EXERCISE AIM ->
Do not include the pictures; repeat the rest of the data exactly.
───── DATA SECTION
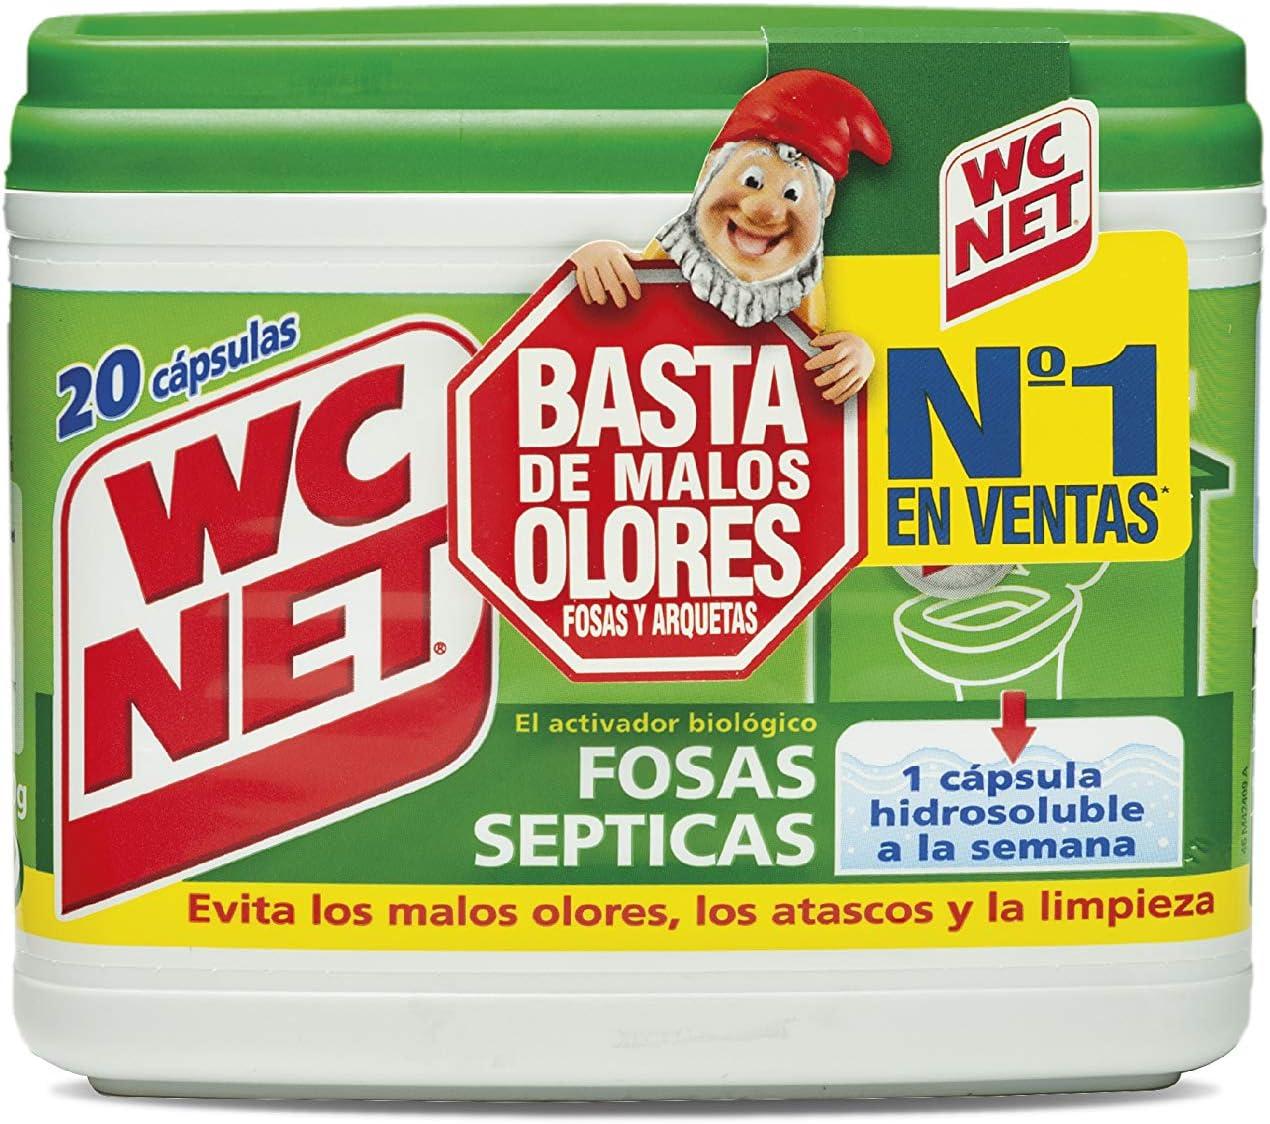 Wc Net Fosa Septica, 20 Capsulas x 18g, Multicolor
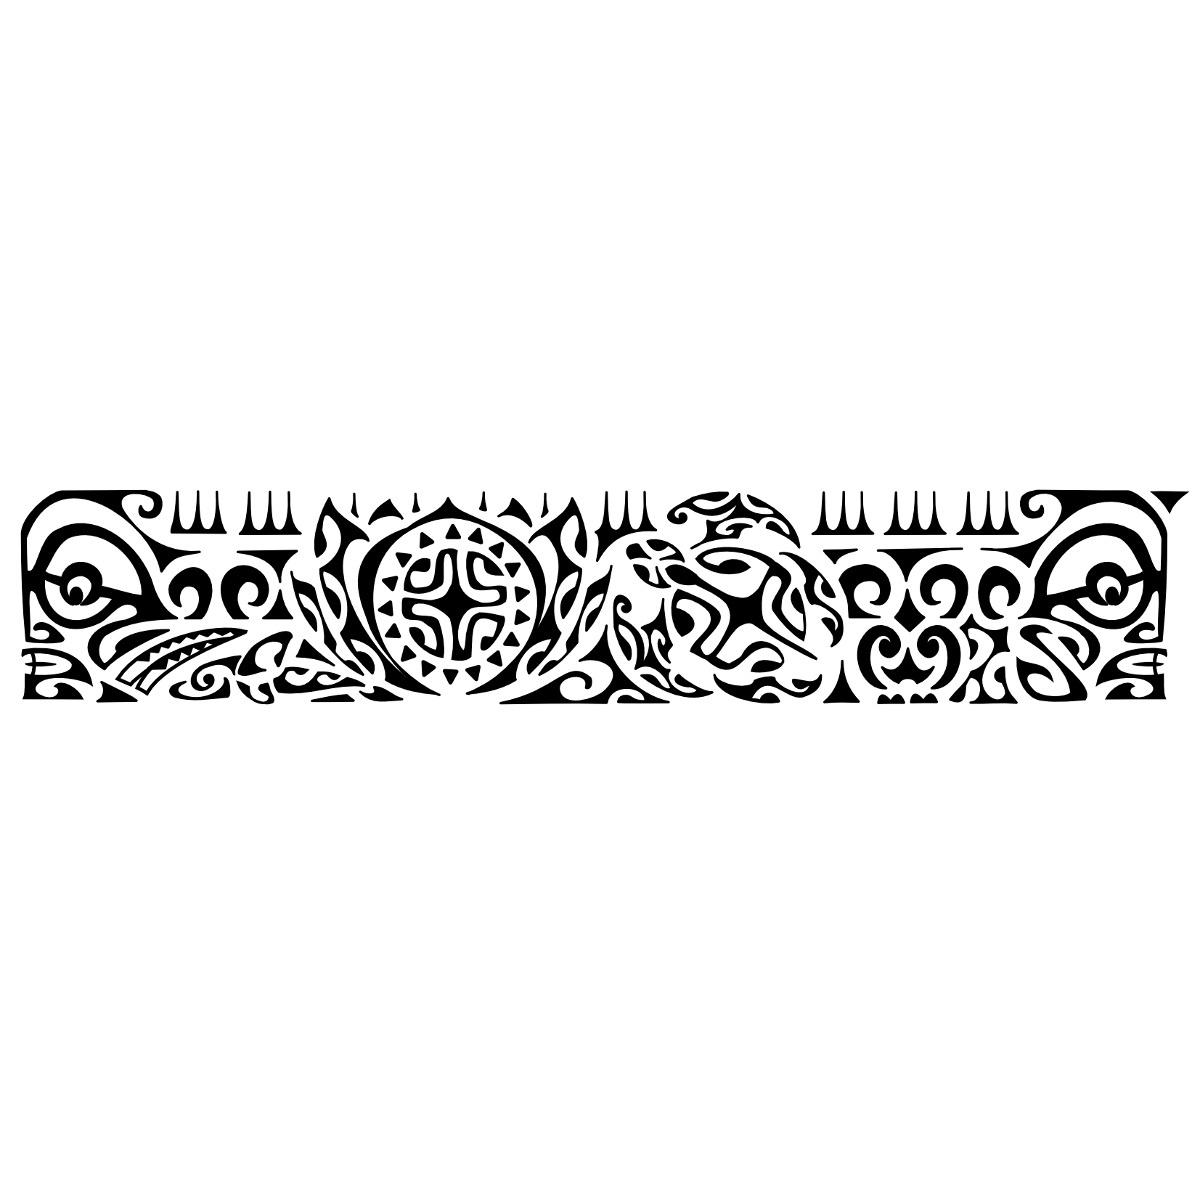 blu sky tattoo studio maori significato 23. Black Bedroom Furniture Sets. Home Design Ideas
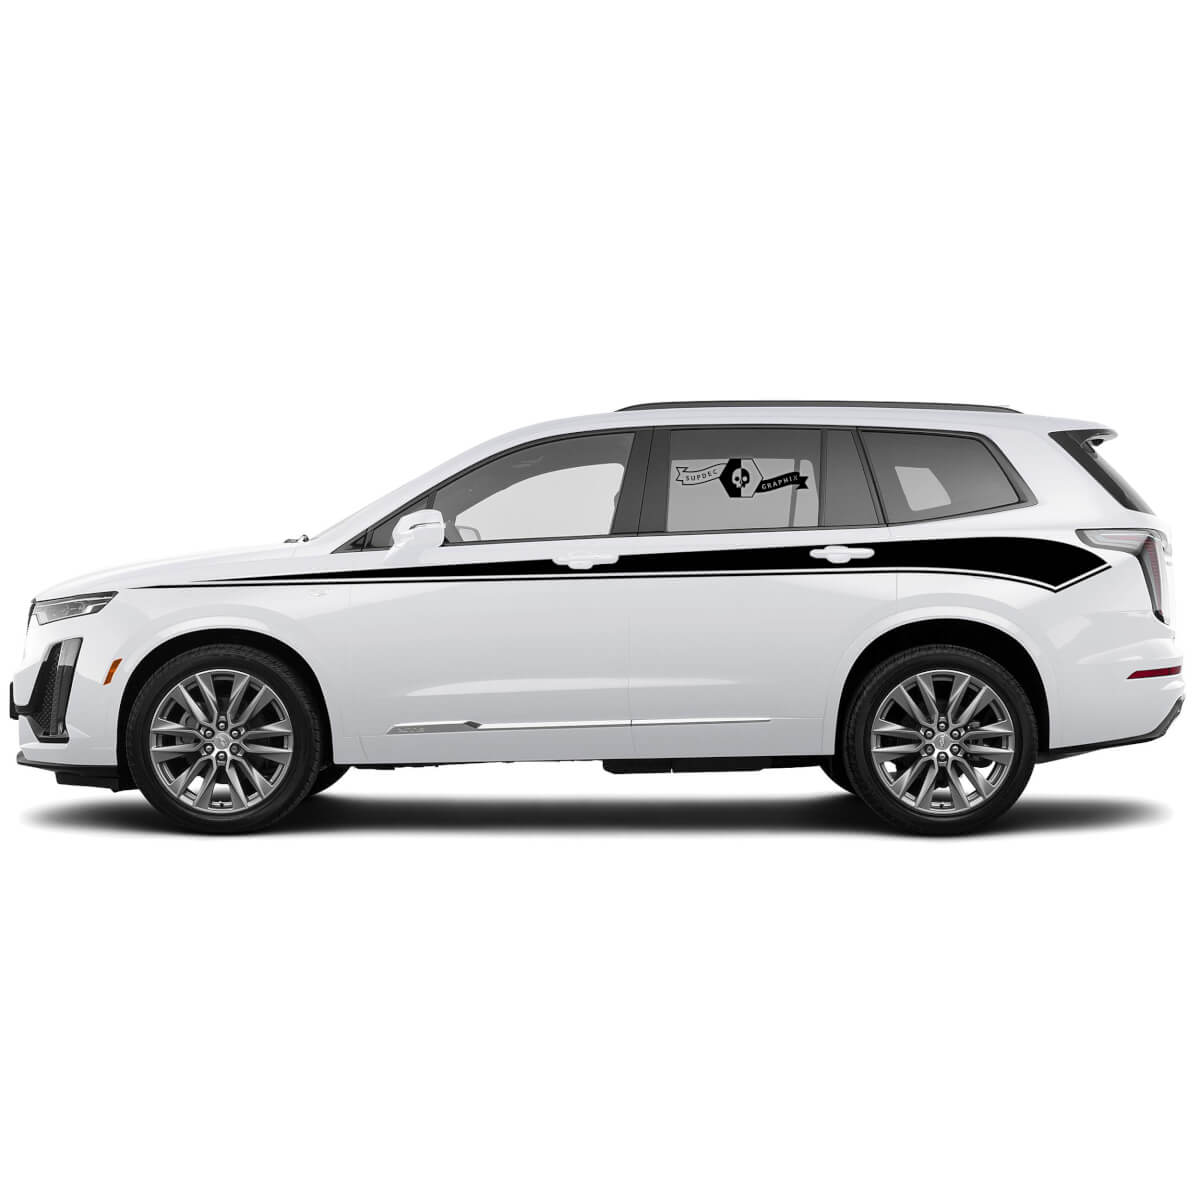 2021 CADILLAC XT6 SEITE STRIPE SUV Vinyl Aufkleber Aufkleber
──────────
EXERCISE SOLUTION ->
 Wc Net Fosa Septica, 20 Capsulas x 18g, Multicolor
 blu sky tattoo studio maori significato 23. Black Bedroom Furniture Sets. Home Design Ideas
 2021 CADILLAC XT6 SEITE STRIPE SUV Vinyl Aufkleber Aufkleber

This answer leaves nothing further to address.